A spring-gun projects a small rock from the ground with speed $v_0$ at an angle $\theta_0$ above the ground. You have been asked to determine $v_0$. From the way the spring-gun is constructed, you know that to a good approximation $v_0$ is independent of the launch angle. You go to a level, open field, select a launch angle, and measure the horizontal distance the rock travels. You use $g=9.80\,\frac{\mathrm m}{\mathrm s^2}$ and ignore the small height of the end of the spring-gun's barrel above the ground.
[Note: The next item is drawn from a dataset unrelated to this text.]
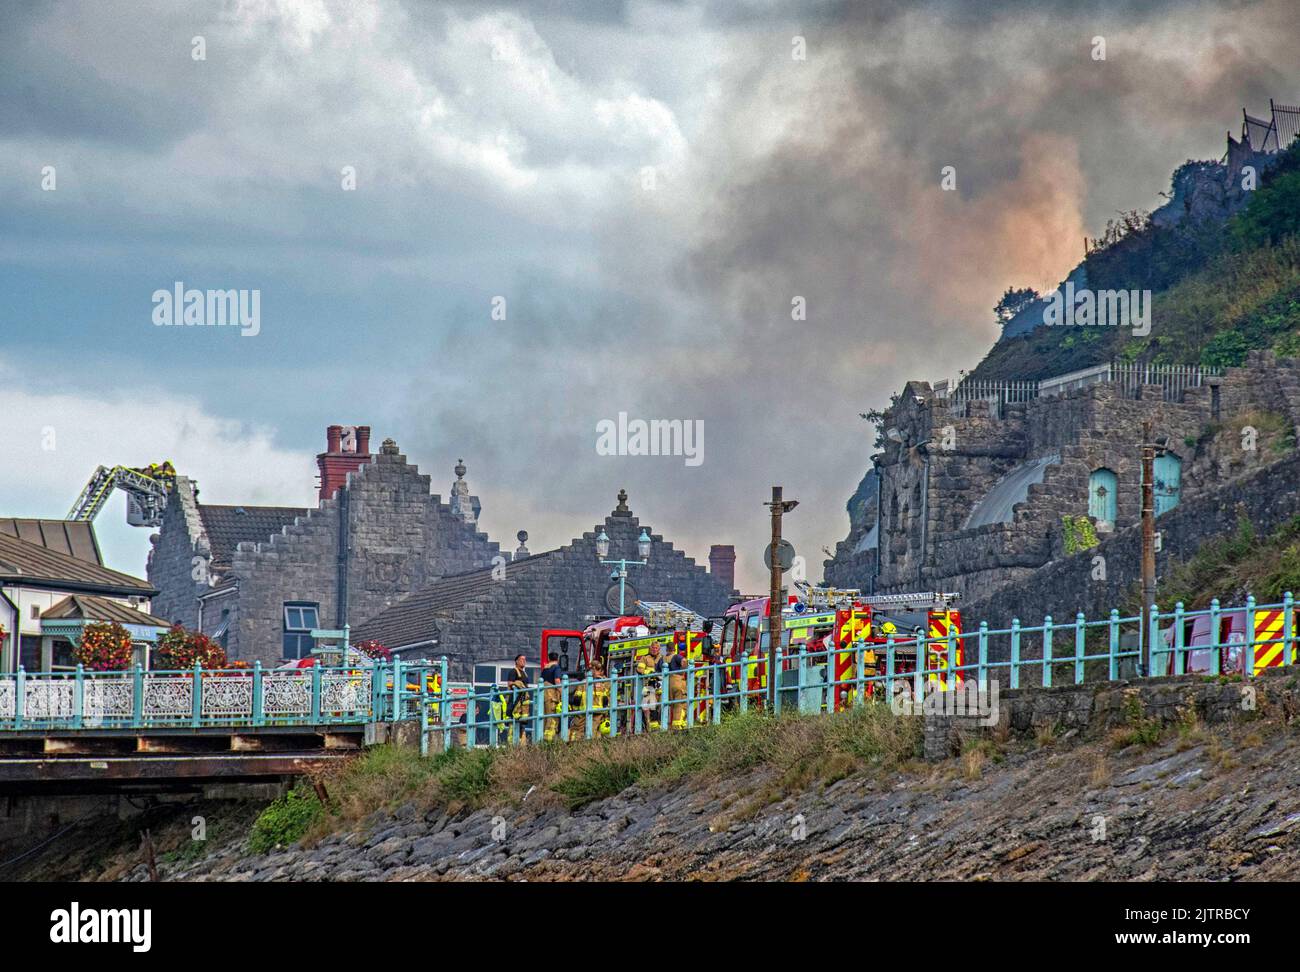 Rauch wabert in den Himmel, als heute Nachmittag im Nachtclub des alten Cinderella am Mumbles Pier in der Nähe von Swansea ein Großbrand ausbrach. Stockfoto

Since your measurement includes some uncertainty in values measured for the launch angle and for the horizontal range, you repeat the measurement for several launch angles and obtain the results given in [the attached plot]. Ignore air resistance.
(a) Select a way to represent the data well as a straight line.
(b) Use the slope of the best straight-line fit to your data from part (a) to calculate $v_0$.
(c) When the launch angle is $36.9^\circ$, what maximum height above the ground does the rock reach?
Part (a): I've computed as a least-squares linear fit for the data
$$x(\theta)=9.34\,\mathrm m+\left(0.002\,\frac{\mathrm m}{\mathrm{deg}}\right)\theta$$
but on its own, this doesn't seem very useful because (1) the relationship between the distance $x$ and the launch angle $\theta$ clearly doesn't look linear (in fact we know that $x=\frac{{v_0}^2\sin2\theta}g$), and (2) I don't see how I could possibly get information about $v_0$ from this model.
So what is the linear relationship I should be looking for?
Edit to Part (a)
Taking the suggestion from the comment/answer, I've plotted $x$ with respect to $s=\sin2\theta$:
where the equation of the line is
$$x(s)=0.147\,\mathrm m+(10.9\,\mathrm m)s$$
Part (b):
The coefficient of $s$ above gives the line's slope, and comparing this to the coefficient we expect for $\sin2\theta$, I solve for $v_0$:
$$\frac{{v_0}^2}g=10.9\,\mathrm m\implies v_0=10.3\,\frac{\mathrm m}{\mathrm s}$$
Part (c): Using the answer from part (b), I find the maximum height via
$$-(v_0\sin36.9^\circ)^2=-2gy_{\rm max}\implies y_{\rm max}=1.96\,\mathrm m$$
To summarize, my questions are
What's going on in part (a)? That is, what kind of answer is most likely expected? (Alas, my textbook only offers solutions for even-numbered exercises.)
Are the solutions for parts (b) and (c) reasonable?
Best Answer
Try defining a new parameter, S, where S = sin(2θ). Now the data looks like a straight line function of S.